湖心島上的桃樹歲月悠久,最小的一株也要兩人才抱得過來,島中央的一株桃樹更是出奇龐大,宛若傳說中的仙山蟠桃,冠蓋全島,枝乾蒼勁如虯,枝頭繁花錦繡,如火如荼,樹下落英繽紛飛雨流霞。
桃樹的主乾巍峨如峰,樹乾上有“臨兵鬥者”四個方大的篆字深深嵌入肌理,鐵劃銀勾,滄桑大氣,顯然與前面的詩句同出一人之手,不同的是,這四個字的字跡歷久彌新,有如塗丹,竟比桃花還要豔紅奪目。
3734號的雙眼盯著四個篆字,一霎不霎,樹乾上所刻的“臨兵鬥者”四個篆字上仿佛蘊有一股勾魂奪魄、不可抗拒的魔力,牢牢吸住了3734號的心神,眼前恍惚有劍光飛舞,兵戎交拒,直到他心神耗盡,一屁股癱坐在地上,頭疼欲裂,難受得直欲嘔吐。
“咦!”樹下傳來一聲驚歎,3734號一個激靈爬起,剝皮島美麗的畫皮下處處藏著古怪,令他十分警懼。
“你是誰家子弟?如何識得爛柯譜?”桃樹偉岸如峰,樹下有盤根如洞,離地七尺,樹洞中有一人影綽約飄渺,不見有語,其意已直入人心。
“咦,你竟不識得爛柯譜,那就奇了,豈有此種天機巧合?”那人不待3734號回答,又驚歎了一聲。

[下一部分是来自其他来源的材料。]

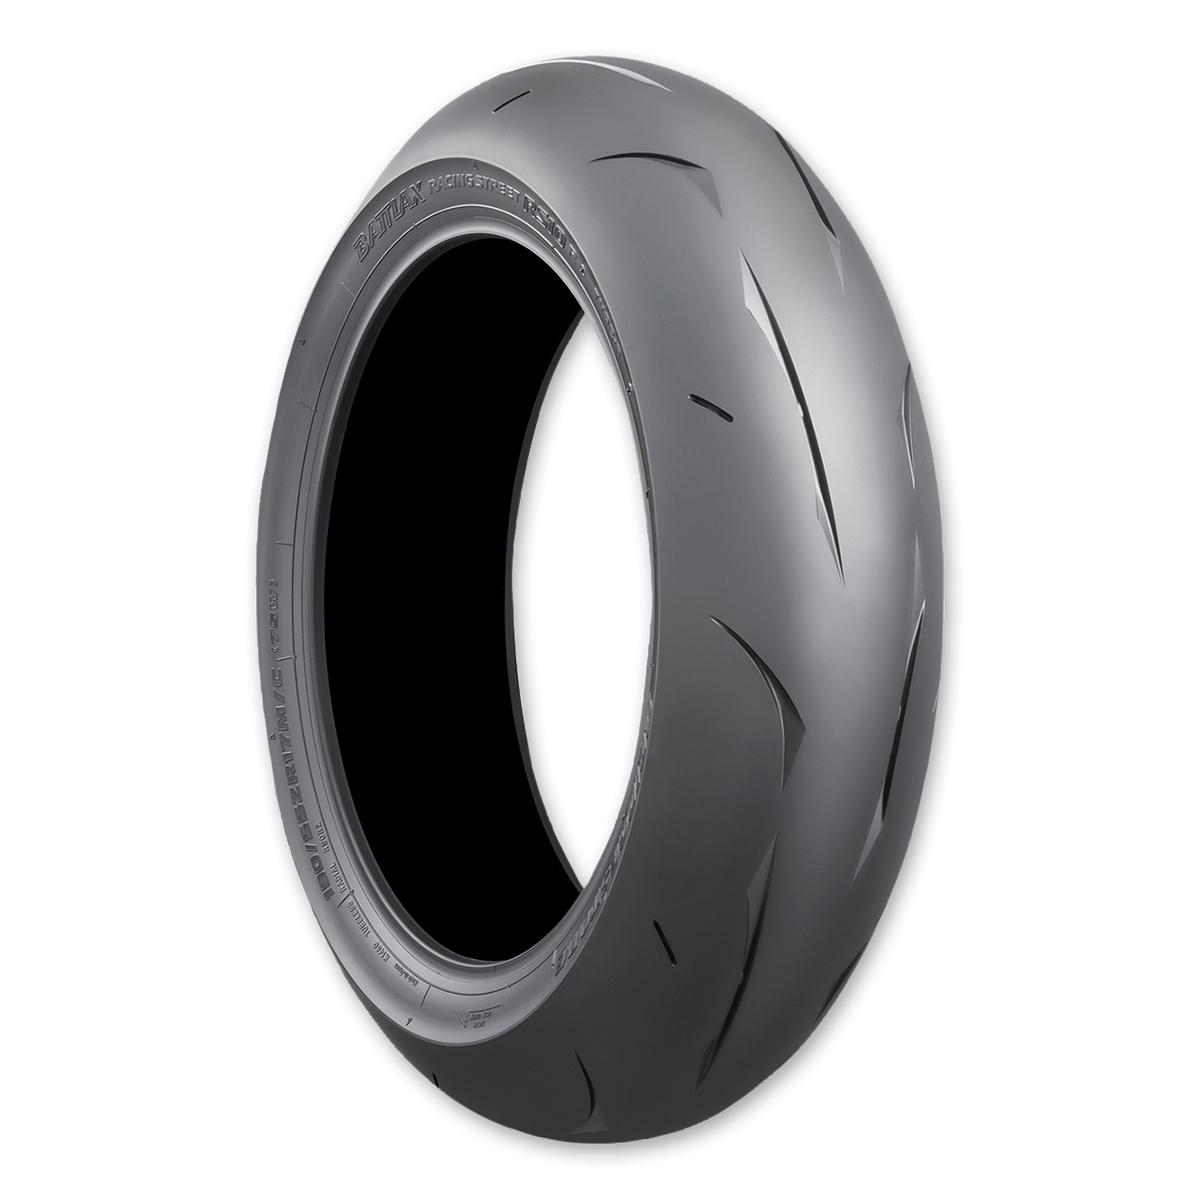 Bridgestone RS10-G 200/55ZR17 Rear Tire

此人竟用心靈之術,那豈不是一眼掃過,身上的秘密坦露無遺,3734號一時震驚莫名。他江湖閱歷尚淺,偏偏武林中黑白兩道的頂尖人物都見識過,竟無一人可以與此人相比,不是不能比,而是他壓根就沒有去比,就如沒有人會拿綿羊與老虎相提並論,他此時便如匍匐在老虎腳下的綿羊,腦子一片空白,如果還有一個念想,便是此人不應該出現在這個人世間。
“哈哈哈哈……莫怕莫怕,相見既是緣分,遠來皆是客人,勿須拘謹。”樹洞中的人身影顫動,哈哈大笑,笑聲中隱有莫名之意。
3734號趕緊收拾心緒,恭謹見禮,此人高山在前,如欲不利於自己,再如何戒備也是無用。
“你當真不識爛柯譜,如何進得了這桃林?”那人再次問道,而沒有用心靈之術去窺探他的心思。
3734號心中稍定,躬身答道:“回前輩的話,晚輩落魄之人,無門無派,並不識得爛柯譜。只因不慎落水,誤入桃林,叨擾前輩清靜,尚乞恕罪!”
“奇怪奇怪,可惜可惜,不錯不錯!”3734號心中再起凜意,那人認真看了他一眼,然後說了莫名其妙的話。
“誤入桃林嗎?此林可不是想進就能進的,那你可走得出去?”那人問道,此人一再提到爛柯譜,島外石上刻的句詩詞落款亦是爛柯人。
古籍曾有記載,晉人王質在山中遇仙人下棋,一局百年,斧柯盡爛,不見時人。故有傳說,爛柯譜為神仙之局,棋道至高。
3734號並不識爛柯譜,對於黑白之道也只是略知皮毛,然沿著這個思路,認真想了一會兒,最後篤定地點了點頭,表示記得出去的路。
“妙哉妙哉!天元子啊天元子,你可曾料到,沒有爛柯譜,也有人能夠來去自如……哈哈……”那人暴發出一陣狂笑,引得桃樹震動,落英繽紛,如下了一場急雨。
“此陣名曰爛柯,島為棋盤,樹石相生,盤石為黑子,桃樹為白子,黑白攻守交拒,陰陽相生相克,一花一世界,一步一玄機。”那人顯然心情頗佳,向3734號略作解釋,“當年天元子以爛柯譜布陣,號稱神仙回頭,永隔紅塵萬丈於局外,心有雜念者不得進出。這牛鼻子雖然……但於黑白之道確實天賦無雙,不負天元之名。”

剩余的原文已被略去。